CASEYTALK   49,539
SparkPoints
40,000-49,999 SparkPoints
 
 
CASEYTALK's Recent Blog Entries

"She has a great personality"

Thursday, March 20, 2014

One of today's daily Spark videos is this:

www.sparkpeople.com/resource/dailysp
ark-videos-detail.asp?video=54


(This is a gender normative post because I'm straight and these are my experiences. I understand that people in other situations have other or similar experiences, but I'm using 'men' and 'women' to reflect my own experiences only. ) I never played with Barbie when I was growing up, but I was surrounded, as we all are, with impossible beauty standards. Television shows mocked the women and girls who looked like me and glorified the strikingly beautiful. The men and boys around me were taught by their dads to try for a woman 'out of their league' (translation: physically beautiful) because they could get lucky. They weren't taught to look at the women and girls who weren't getting all the attention because their knowledge and kindness and abilities and skills were interesting and fun to be around. Instead they were taught to value certain physical characteristics, some impossibly difficult to obtain, above any other traits. The girls and women who were beautiful sometimes had those other fantastic traits, but sometimes they didn't. It didn't matter. They had all the boys and all the men interested in them just because they were beautiful.

To this day, after years and years of trying to tell myself I'm beautiful because that's what we're supposed to aspire to, I know I'm not. Before you all jump in to say, "oh, no, you're beautiful! Everyone is beautiful!" let me explain that I disagree that everyone is beautiful. Everyone has something beautiful to share with the world, but we are all different. Some are beautiful, some are talented, some are kind, some are intelligent. . . I wish I lived in a world where beauty was valued, but only as one of many traits that we find valuable. Why must I be beautiful if I am not? Can't I be charming? Graceful? Giving and loving? and have those traits be praised?

There is a child, Adalia Rose, who has progeria. It is a disorder that makes her look very strange. Google her. People post on her FaceBook page that she's beautiful. Of course, beauty is in the eye of the beholder, but I don't think she's beautiful. I think she's charming, clever, interesting, funny, and when she dances on a video for us it makes my soul warm just watching her.

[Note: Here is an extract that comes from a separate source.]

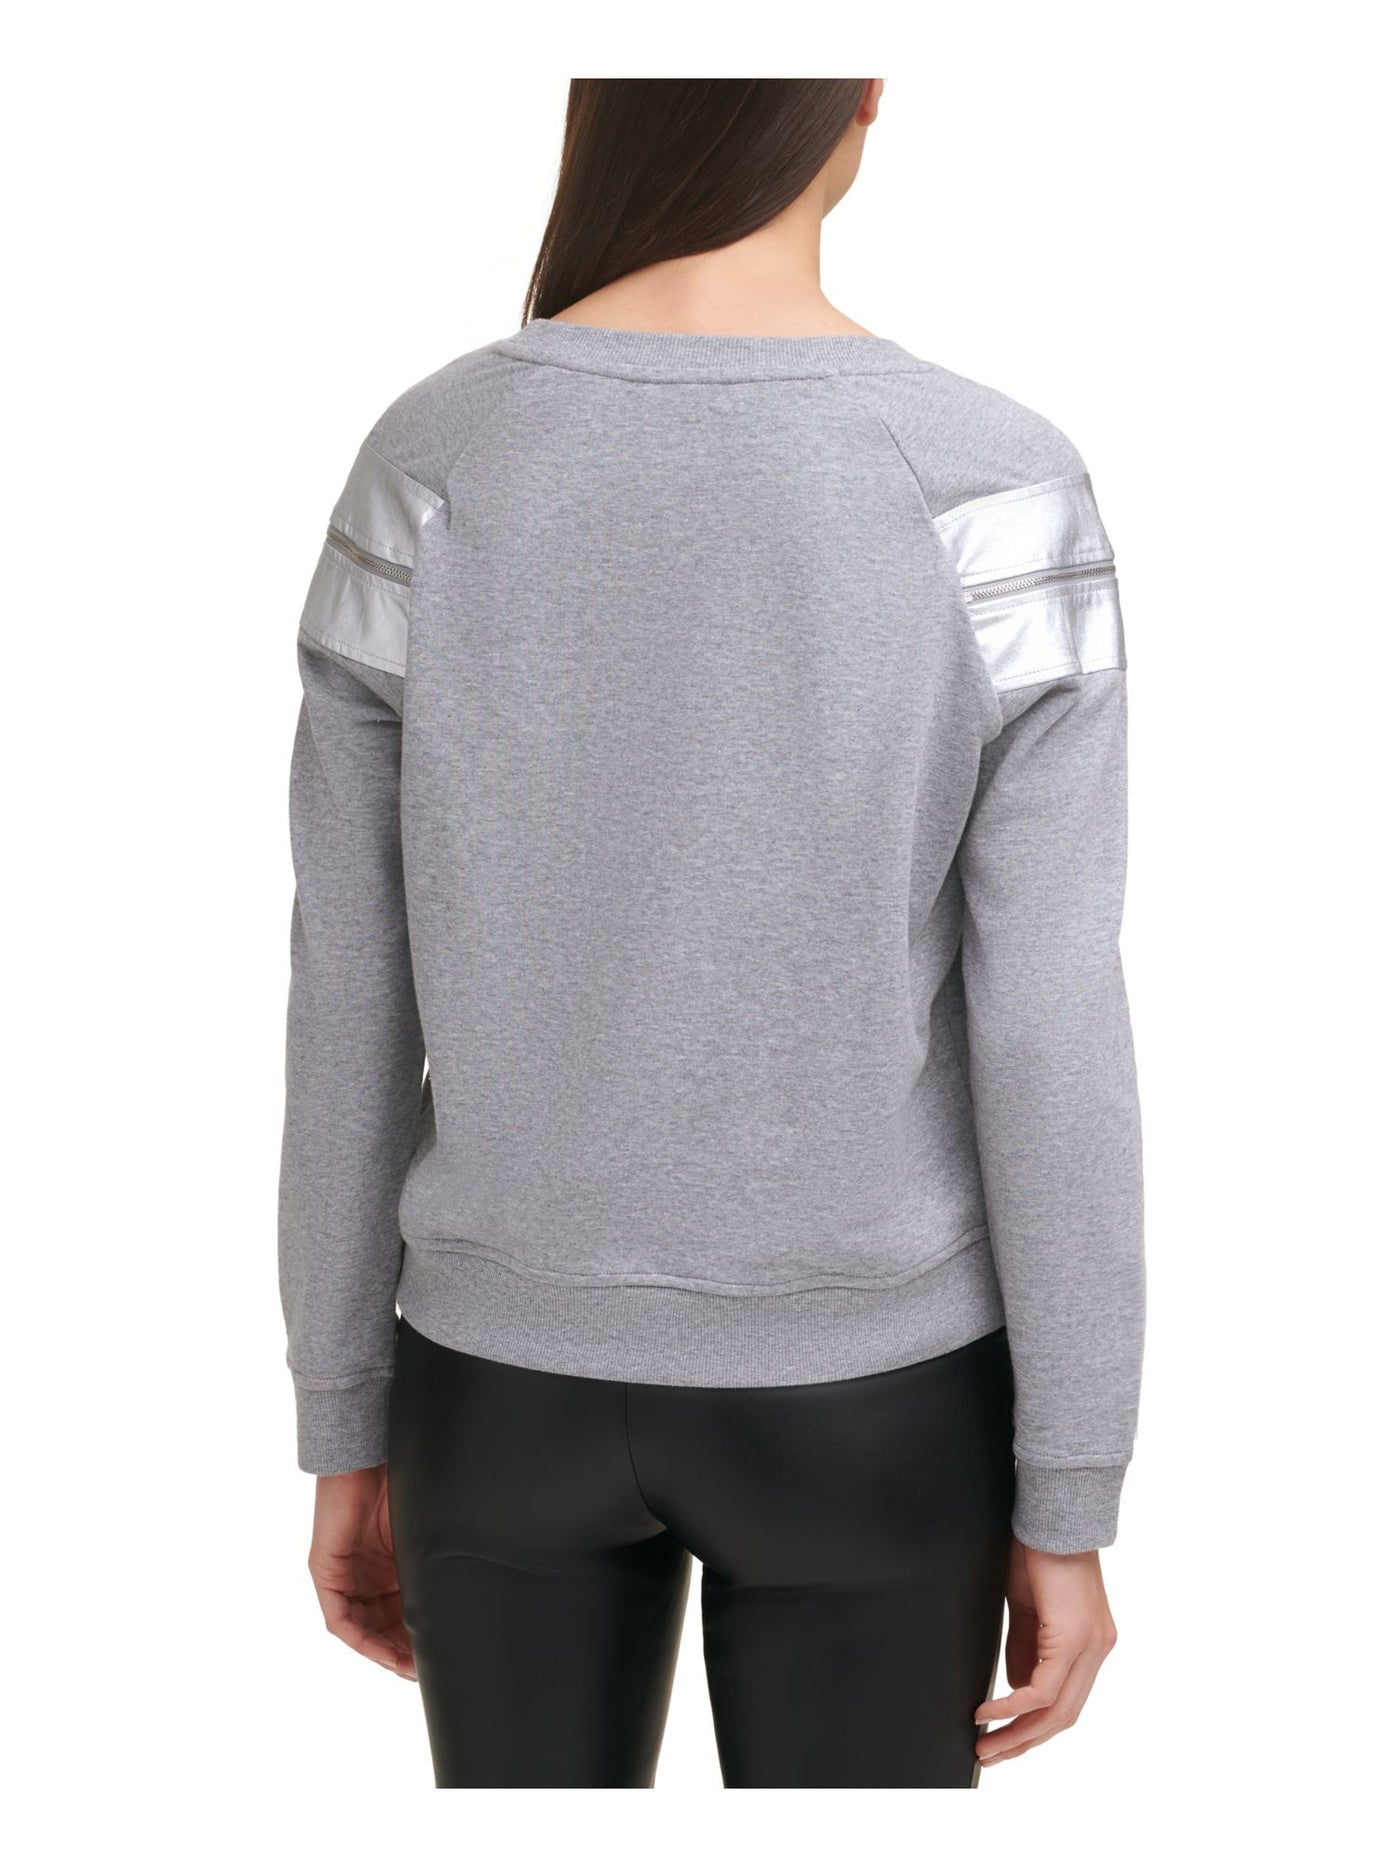 DKNY Womens Gray Zippered Metallic Crewneck Sweatshirt S

I think all of that far outweighs what she looks like. She is simply wonderful.

That's what I want to aspire to -- I want to be wonderful. I want to be fun and funny and up for adventure. I want to be fit and healthy and a great mom.

I wish for a day to come when 'She has a great personality' isn't a euphemism for 'she's ugly.'

  
  Member Comments About This Blog Post:

JUSTYNA7 3/22/2014 2:46PM

    I feel beautiful when I have accomplished something amazing... like carrying a canoe by myself or finishing playing a harp piece well. I felt beautiful on my wedding day not because of what I was wearing, my hair or who was watching but because I was going to join the man I loved and become one unit, one being in partnership and goals... for the rest of my life. So when I look in the mirror I don't see the freckles or the apron belly or the toned shoulders... except for what those represent... the adventures outdoors, the three children I've raised, the hard work I've done exercising. If someone were to look at me briefly and judge that I am beautfiul or not I would be disappointed because if they KNEW the real me they could see the beautiful woman I am.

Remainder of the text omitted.